画期的な「がん治療」に道 基礎研究から花開いた本庶氏のノーベル賞
12月に入り、いよいよ10日(日本時間11日未明)、スウェーデンのストックホルムでノーベル賞の授賞式が開かれます。今年は京都大の本庶佑(ほんじょ・たすく)特別教授がノーベル生理学・医学賞を受賞しました。みなさんの記憶にも新しいのではないでしょうか。 【写真】ノーベル賞の本庶氏 患者の感謝の言葉「何の賞もらうより嬉しい」
受賞理由は、現代で最も恐るべき病の一つである「がん」の全く新しい治療法を開発したため。本庶博士と、同時に受賞したジェームズ・アリソン博士(アメリカ・テキサス大学MDアンダーソンがんセンター)が発見した「免疫チェックポイント阻害剤」を使ったがん治療法は、外部から手を加えてがんを排除するこれまでの方法(外科手術・放射線治療・化学療法《抗がん剤》など)とは異なり、私たちの体にもともと備わっている「免疫」の力を利用してがんを排除するものです。

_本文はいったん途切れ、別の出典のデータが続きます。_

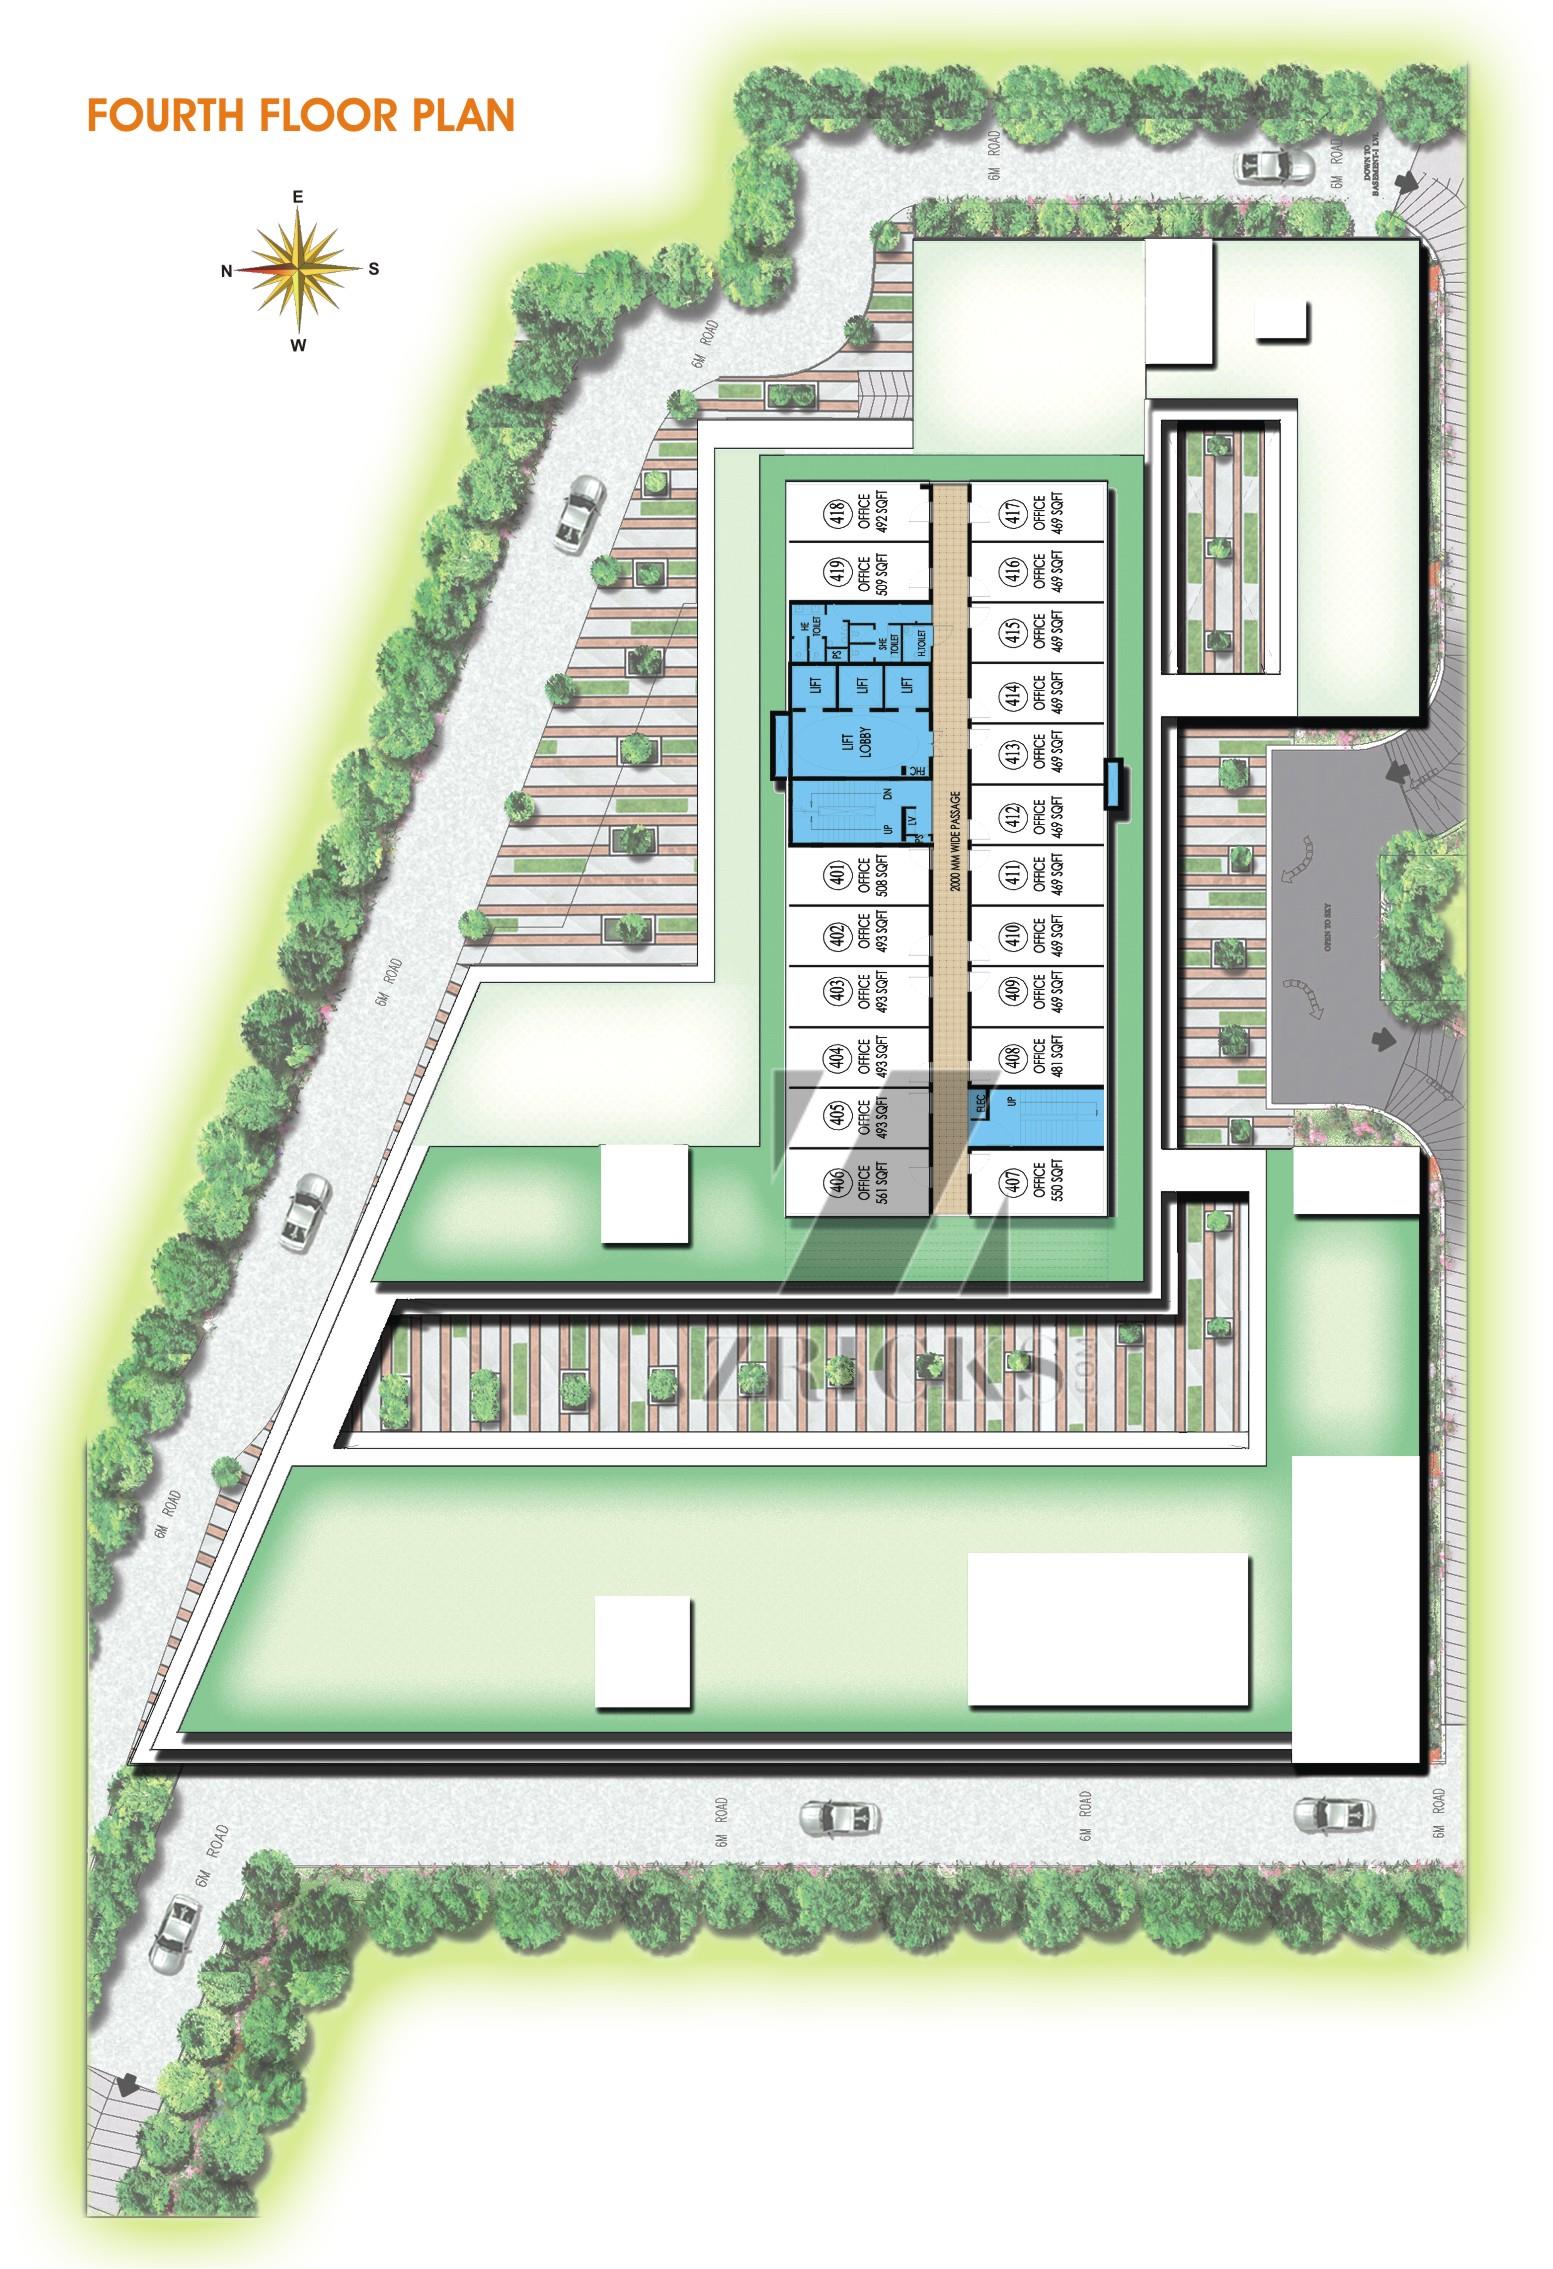 Ansals Town Walk Floor Plan
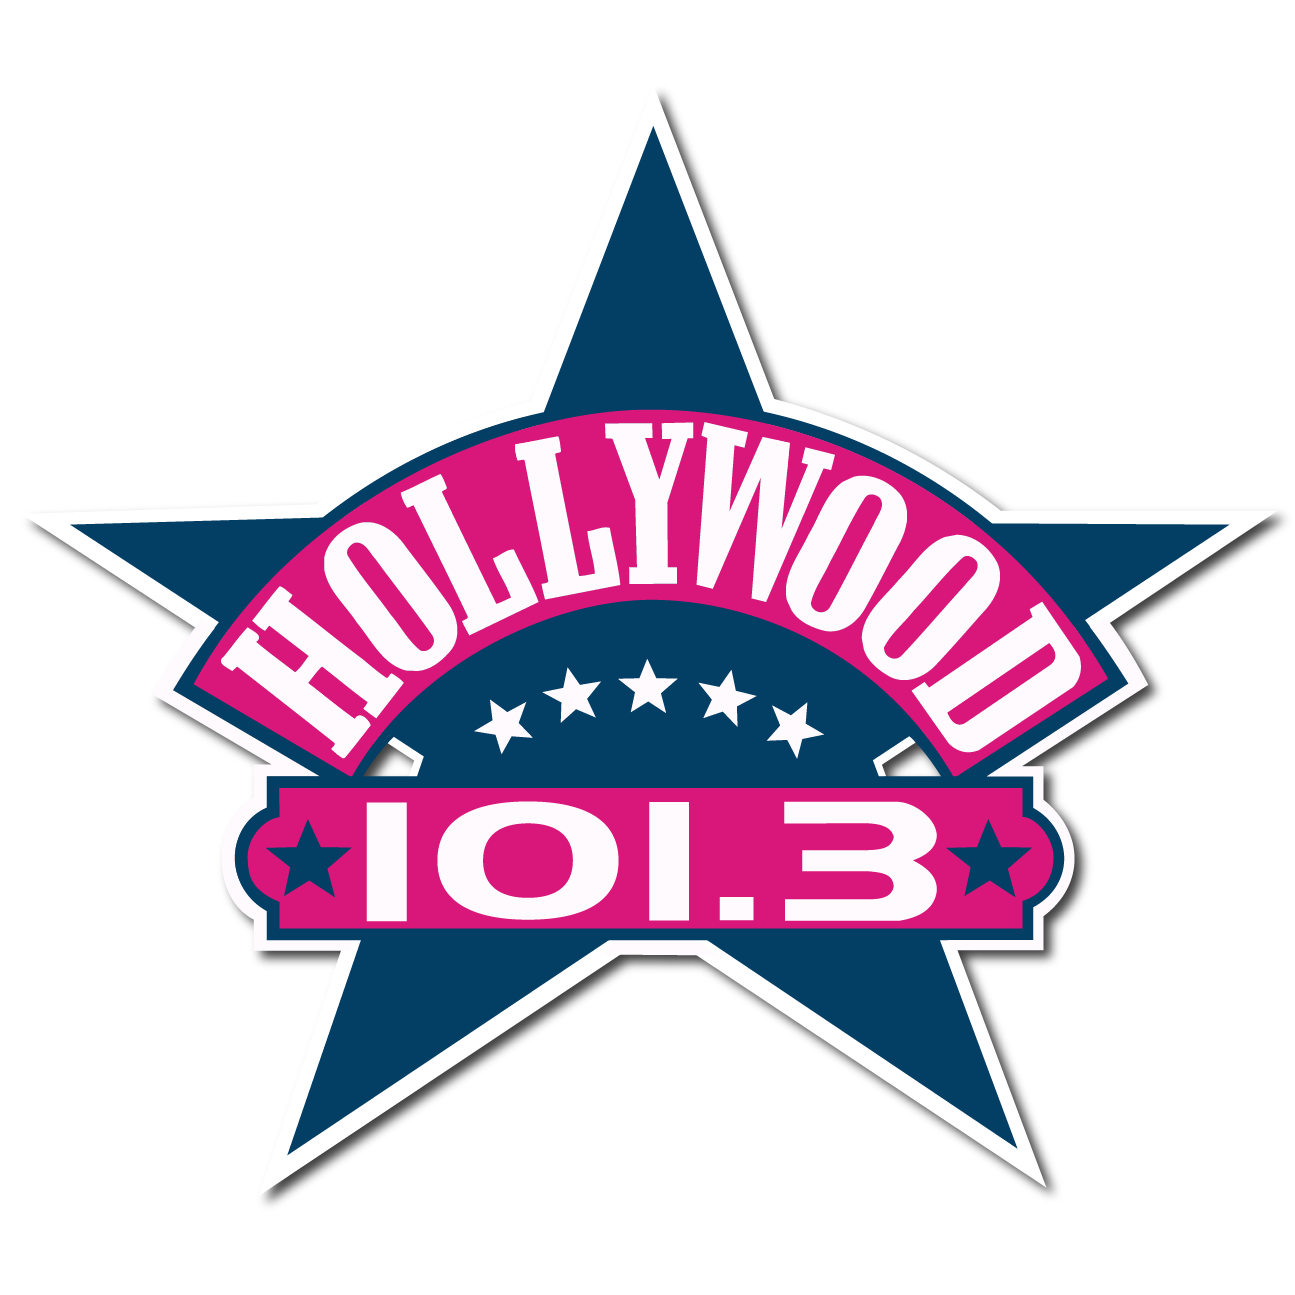 diario fluctuar Ineficiente Radio Hollywood (Cristal Classic) - 101.3 FM Rosario Argentina - listen live

これまでの治療法では十分な効果を得られなかった患者にも治療効果が期待できるということで、がん治療の進展に大きく貢献したことが評価されました。 がんについては、有効な治療法を探るため、長年盛んに研究がおこなわれています。両博士はもともと免疫学の研究者です。免疫の研究を進めるうちに、その研究成果をがん治療に応用するアイデアを思いつき、その実現のために粘り強く研究を続けたことが、今回の受賞につながりました。それは一体どのような研究だったのでしょうか。両博士のこれまでの研究を紐解きながら紹介します。
免疫にはがん細胞をやっつける力がある
そもそも免疫とは、どんなものでしょうか。それは自分の体(自己)と、花粉や病原体などの外来異物(非自己)とを見分けて、非自己を体内から排除する仕組みです。がん細胞は、もともと自分の体の中にある細胞ですが、それががん化することで免疫に異物と認識され、排除される対象となります。がん化した細胞を排除する際に活躍するのが、パトロール役の抗原提示細胞、攻撃の司令役のヘルパーT細胞、攻撃役のキラーT細胞です(図2)。抗原提示細胞が異物の情報をT細胞に伝えると、ヘルパーT細胞はキラーT細胞に攻撃命令を出します。キラーT細胞は攻撃対象を特定すると、攻撃を仕掛けて、異物を排除します。このようにして、私たちの体は日々生まれるがん細胞を排除することで、病気としての「がん」の発生を防いでいるのです。